Our Life: Yves Scherer

1 - 29 October 2016
Installation Views
Press release

Rod Bianco is pleased to present Our Life, the first show of Swiss-born and NY based artist Yves Scherer at the gallery. The exhibition continues Scherer’s interest in combining recollections from his own personal life, fan fiction and celebrity culture into a narrative that examines the porous boundaries between media, virtual space, and everyday life.


Lenticular Prints featuring images of Scherer and actress/activist Emma Watson dominate the first room. Watson, who rose to fame playing Hermione Granger in the Harry Potter movies and has since become UN-Goodwill Ambassador for female rights, has been subject to Scherer’s work for a while now.; most notably in a sculptural body of work that combines computer aided making technologies with classical casting processes to create nude life- size figures of the actress. Here the combination of iconic pictures of the actress found online with images of the artist can be read as a fan fiction become physical - the dream of a life spent together. It’s the architectural pictures as third element in these pieces which locate the narrative and link the wall-works back to the environment they are installed in. Scans from a book of photography depicting the work of Louis Barragan - one of the most notable and well-known architects in Mexico - they show empty domestic settings, the houses he built for himself and some of his most important clients. With the pictures changing while you move around the room, it’s the sensation of walking around in someone else’s life that these works provoke. As if we could catch a glimpse in their everyday, or reading this one-sided relationship a bit closer, of Scherer dreaming in pictures of it.

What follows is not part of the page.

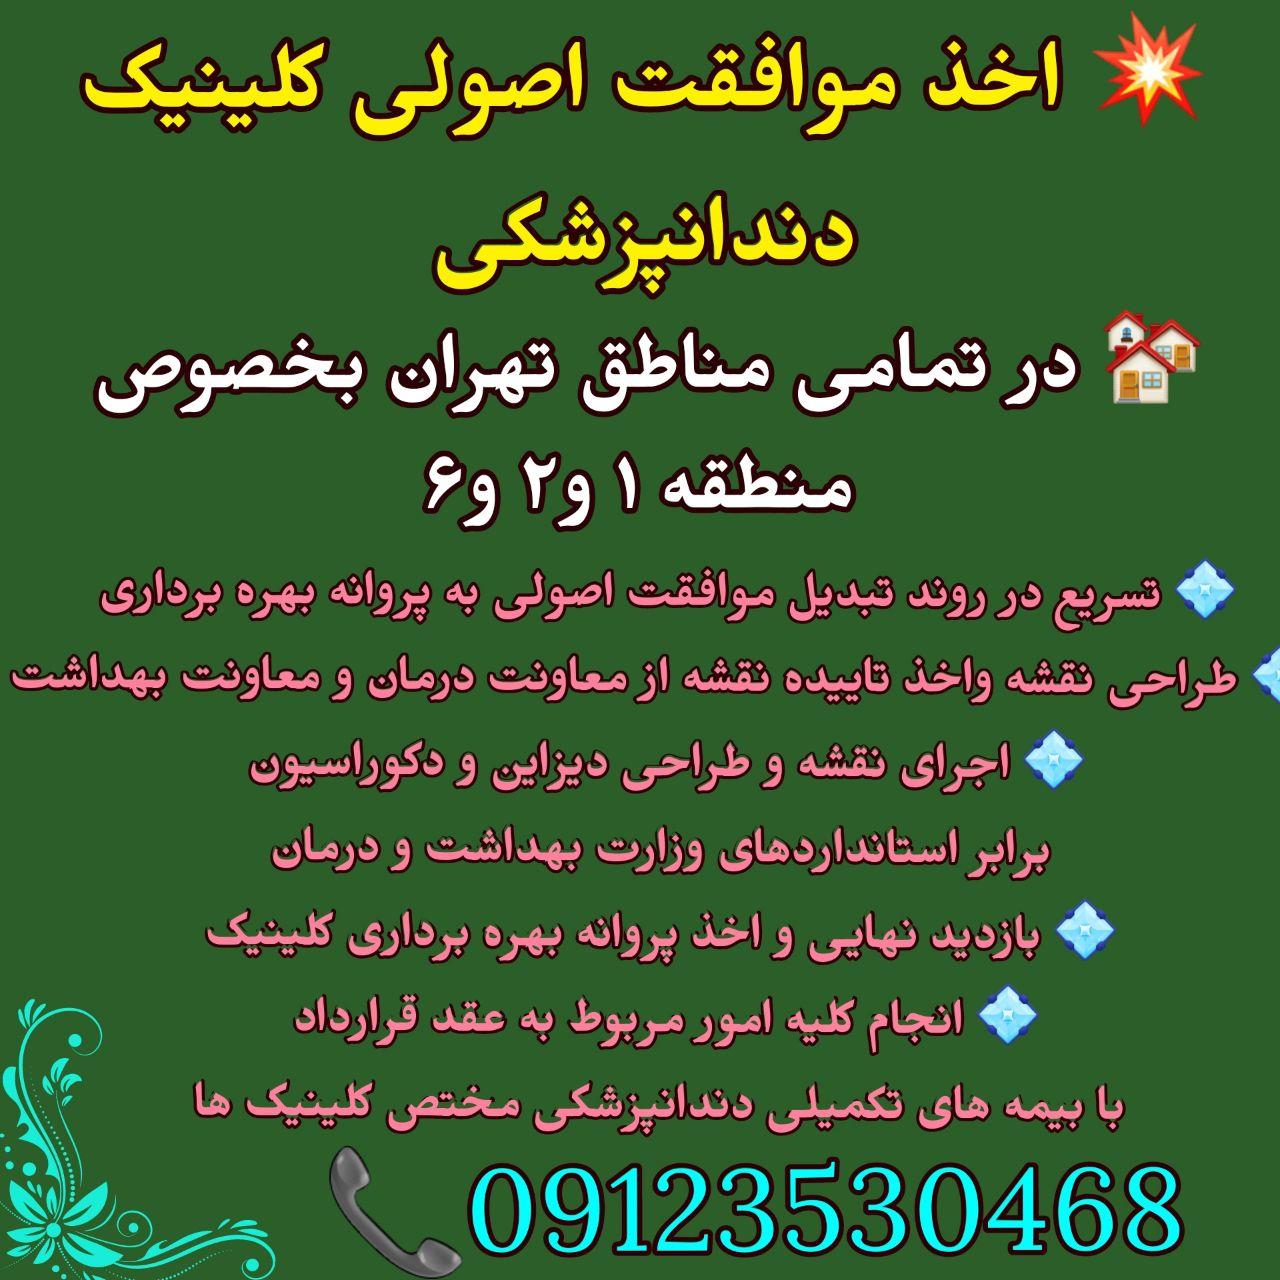 تهران: اخذ موافقت اصولی کلینیک دندانپزشکی در تمامی مناطق تهران

In the next room there is a set of two metal sculptures placed on a euro pallet. The interweaved pose is taken from an image depicting the actor Johnny Depp and model/icon Kate Moss, him protecting and covering her naked body with his own. Taken by famous photographer Annie Leibowitz it shows the IT-couple of the 90’s in a seemingly private and intimate moment. Like in “Brangelina", where the couple has merged into a single entity or persona, Depp/Moss have served as a role model for their respective generation, helping to evaluate and measure our own relationships against these famous examples produced by the entertainment industry. Brightly illuminated and hung to the wall it’s hard not to be reminded of a crucifix as well, the famous depicting of Jesus hanging on the cross. Like God’s son who has given his life for us, the sculpture then could be read as the couple offering blood and body to the public - for greater goods. 


Alongside this there are paintings on wood which are mounted into Perspex boxes. Half object, half image these works are made as a combination of paper and clothes and tune in with the mood of the rest the show, speaking of a southern environment where pools or the sea carry us through the day, and the swimming shorts pair with pink hair-bands.


It’s the split between these strangely private memories and the most-known face of Watson which is interesting here, a critical reflection of our interest in the life of others; of accessing things that our not legally ours and the constant breach of privacy that goes with this. At the same time much of the work is a celebration of life itself, of not looking at others having fun and gossip magazines for entertainment value, but instead to create your own narrative. It’s both document and fantasy of time spent with a romantic partner, in sunny places and with happy hearts.


Yves Scherer (b. 1987 in Solothurn, CH) is based in New York City. Recent solo-projects include: Single, Guido W. Baudach Berlin; Snow White and the Huntsman, José Garcia, Mexico City; Honey Moon, Swiss Institute New York, Where Is The Love, ExoExo, Paris; Days at Sea, Carl Kostyal, London and Coney Island, SALTS Basel. Since graduating from the Royal College of Art London in 2014 he has also shown his work in group-exhibitions internationally including the ICA London, Kunsthaus Baselland and Futura Prague.